ABOUT THIS TASK: Your output should be the lines below from the one holding "An early articulating" through the one holding "Shaina and Andrew", transcribed exactly, with no pictures.

DATA TO USE:
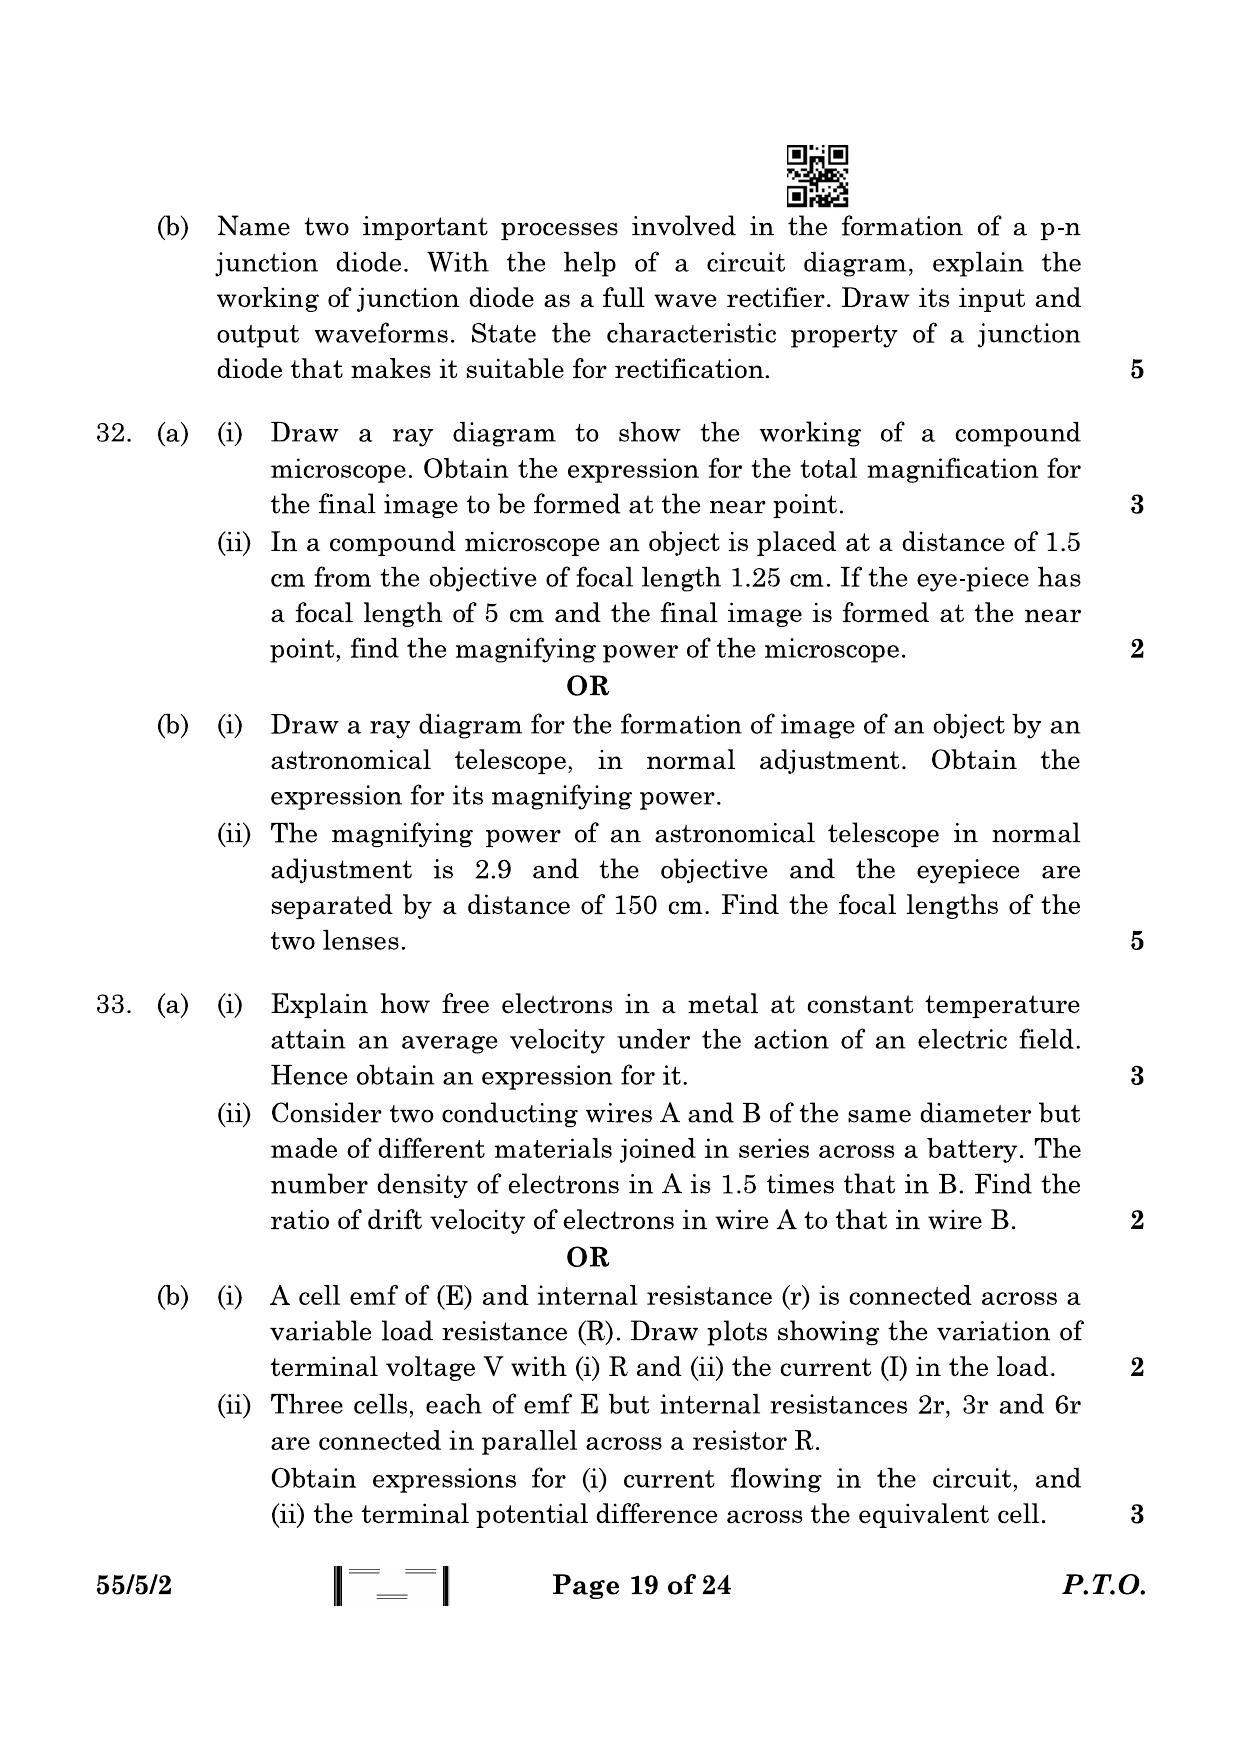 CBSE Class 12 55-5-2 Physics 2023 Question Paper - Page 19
* * *
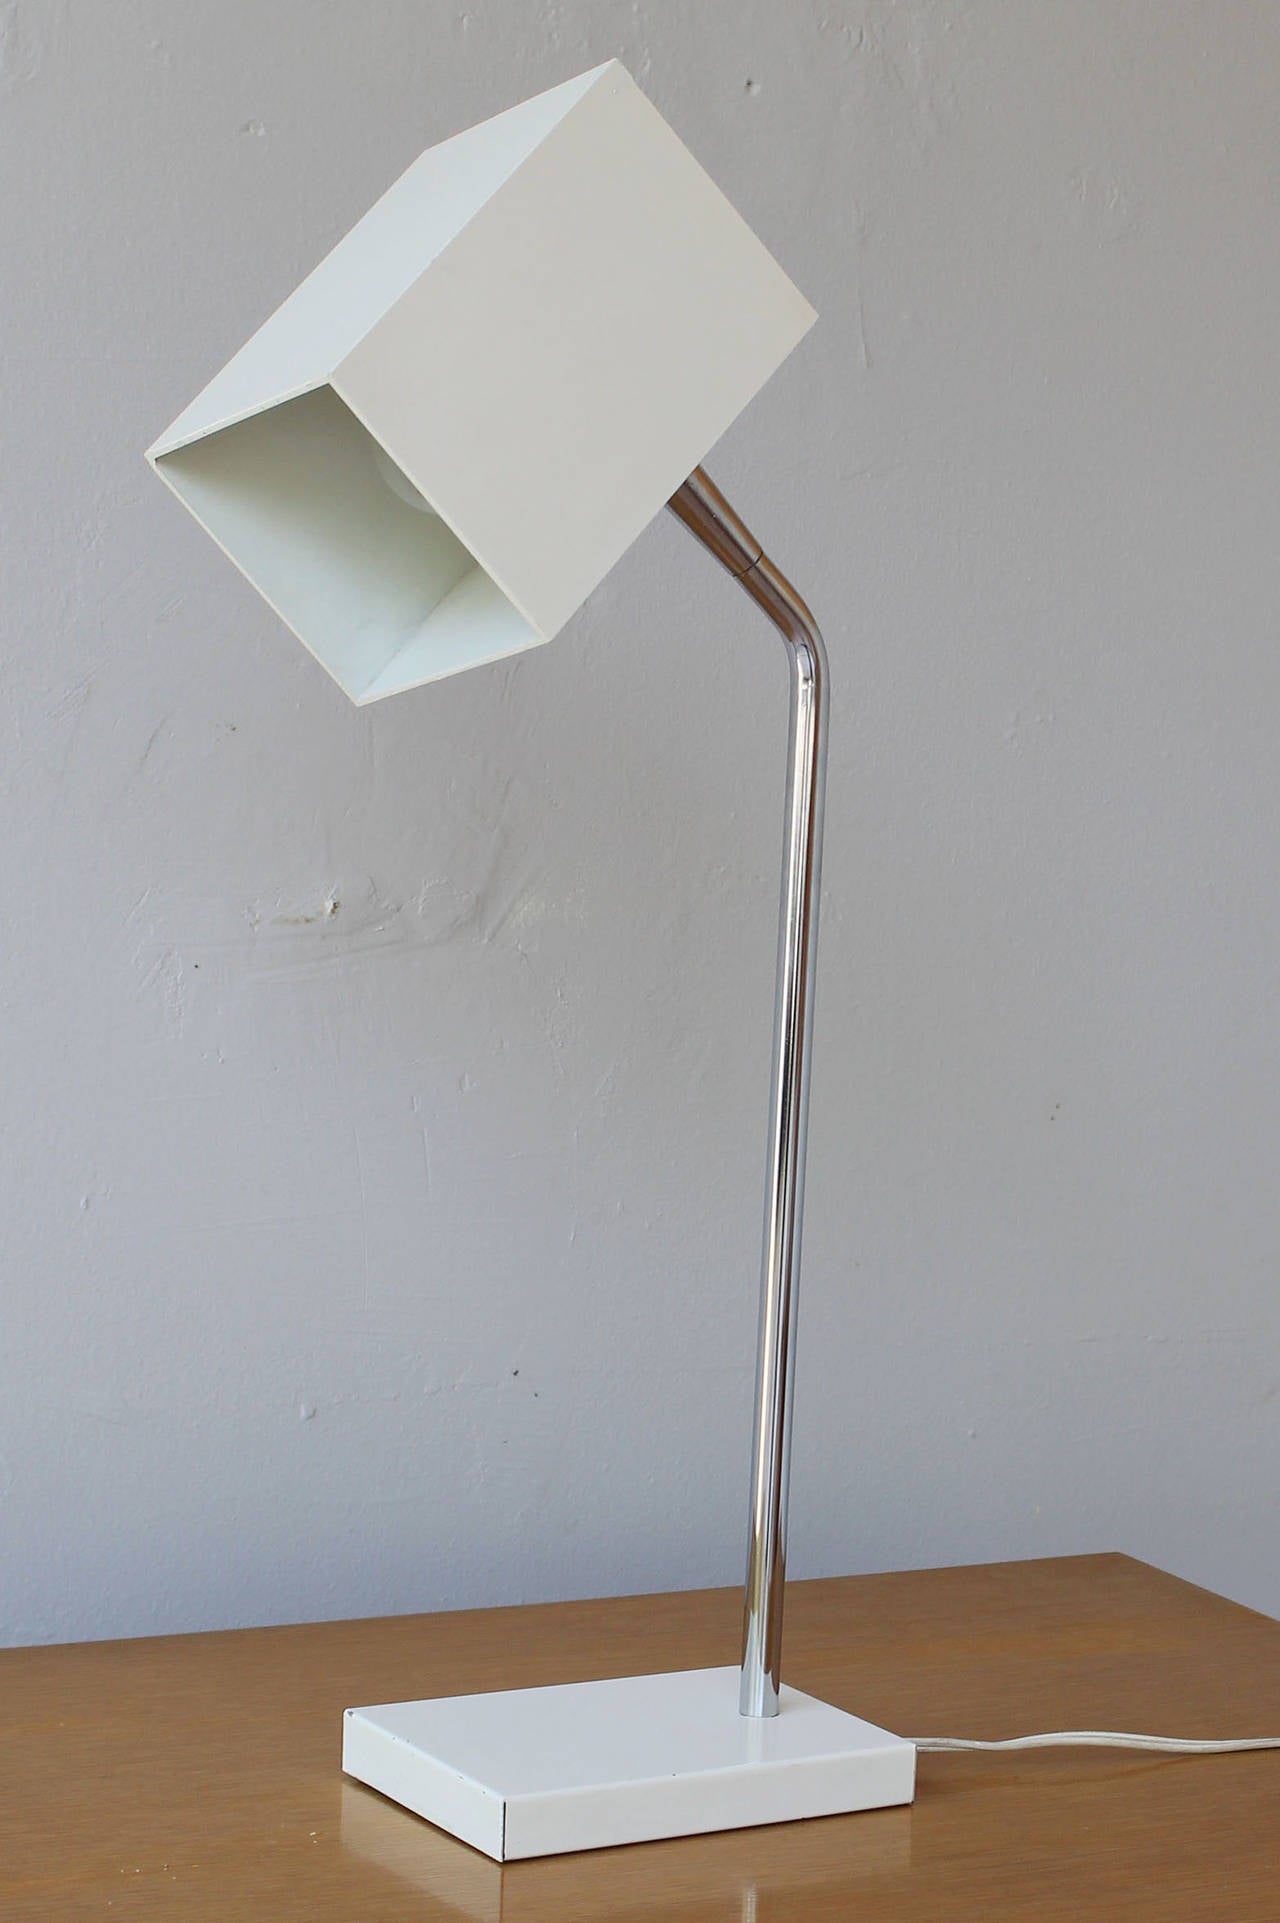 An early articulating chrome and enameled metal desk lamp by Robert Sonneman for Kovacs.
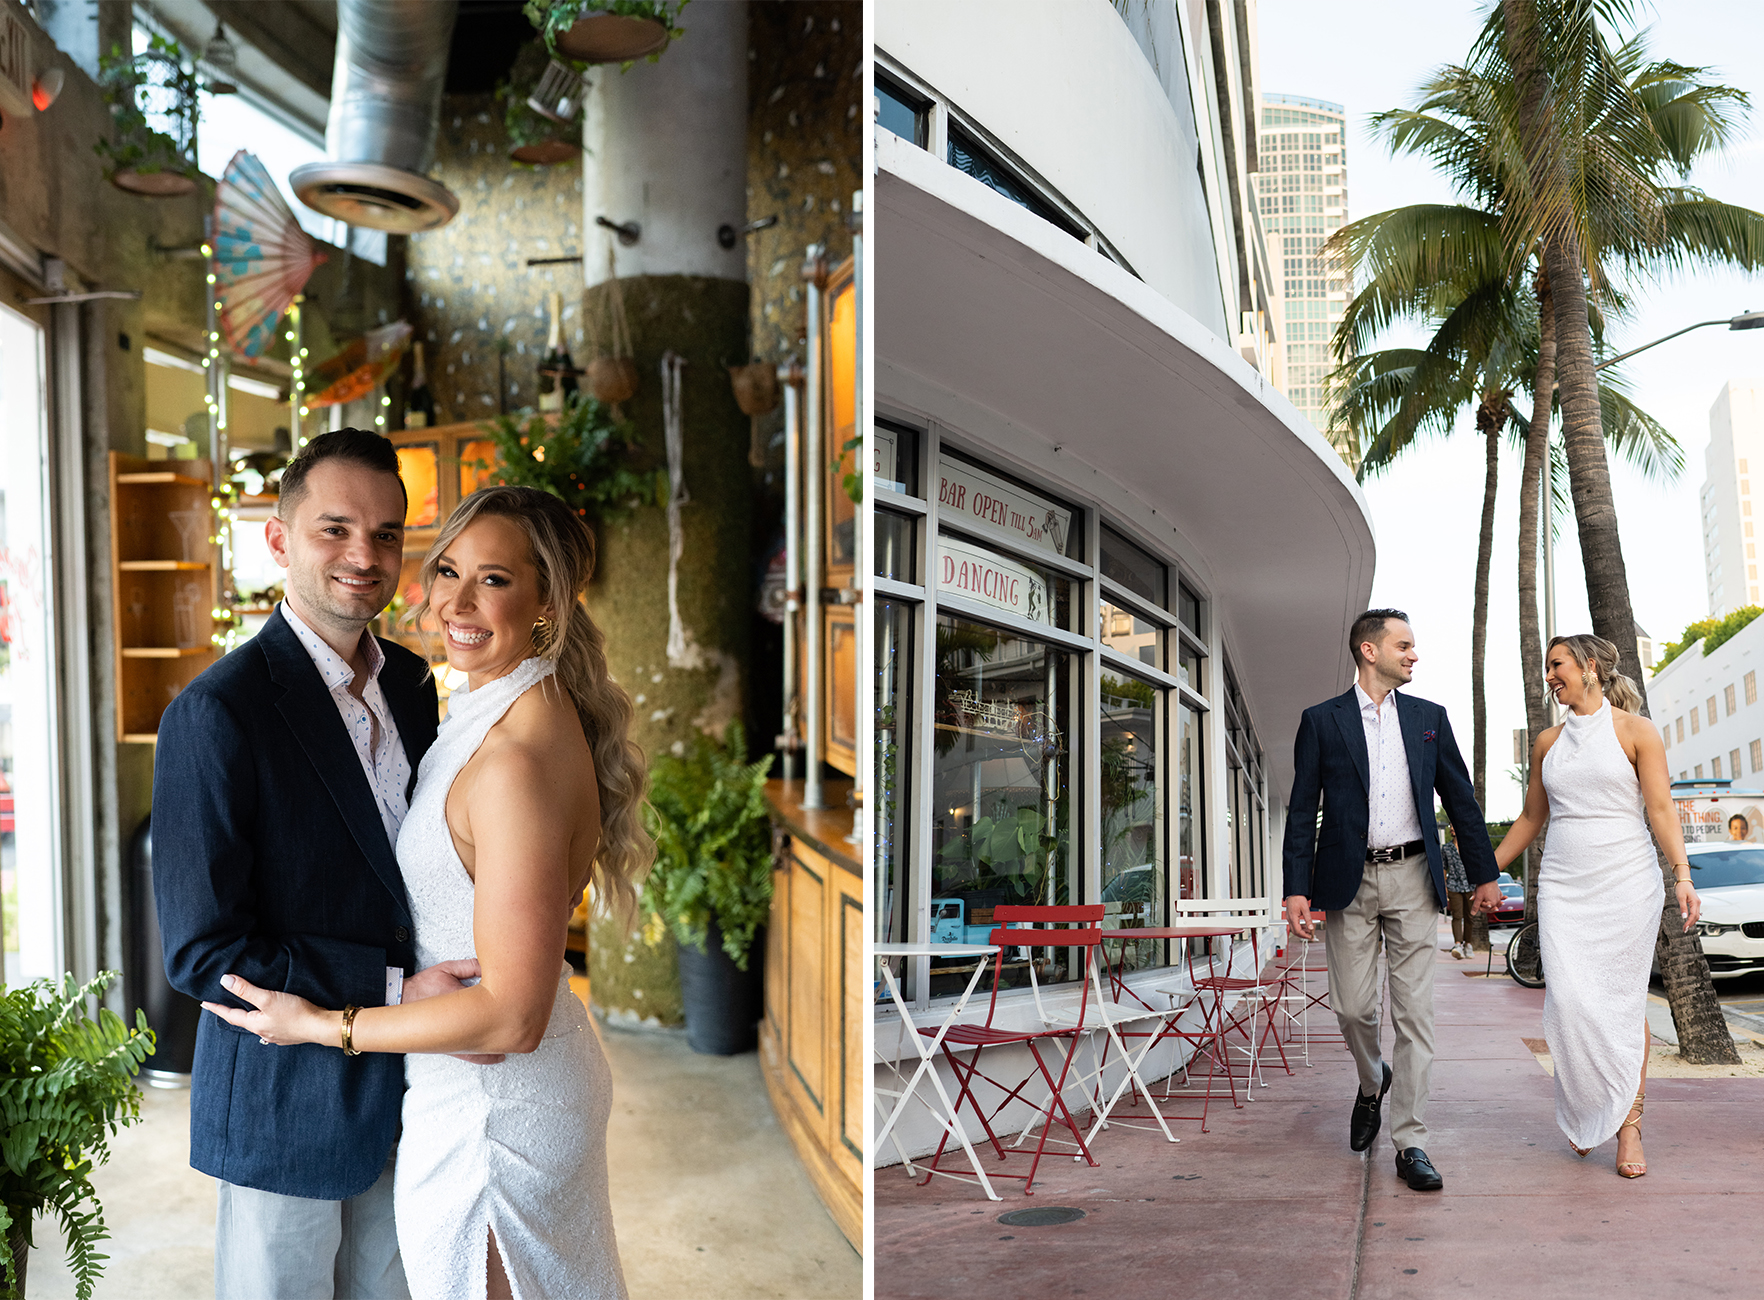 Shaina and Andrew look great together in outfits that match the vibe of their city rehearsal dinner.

OUTPUT OF THE TASK:
 An early articulating chrome and enameled metal desk lamp by Robert Sonneman for Kovacs.
 Shaina and Andrew look great together in outfits that match the vibe of their city rehearsal dinner.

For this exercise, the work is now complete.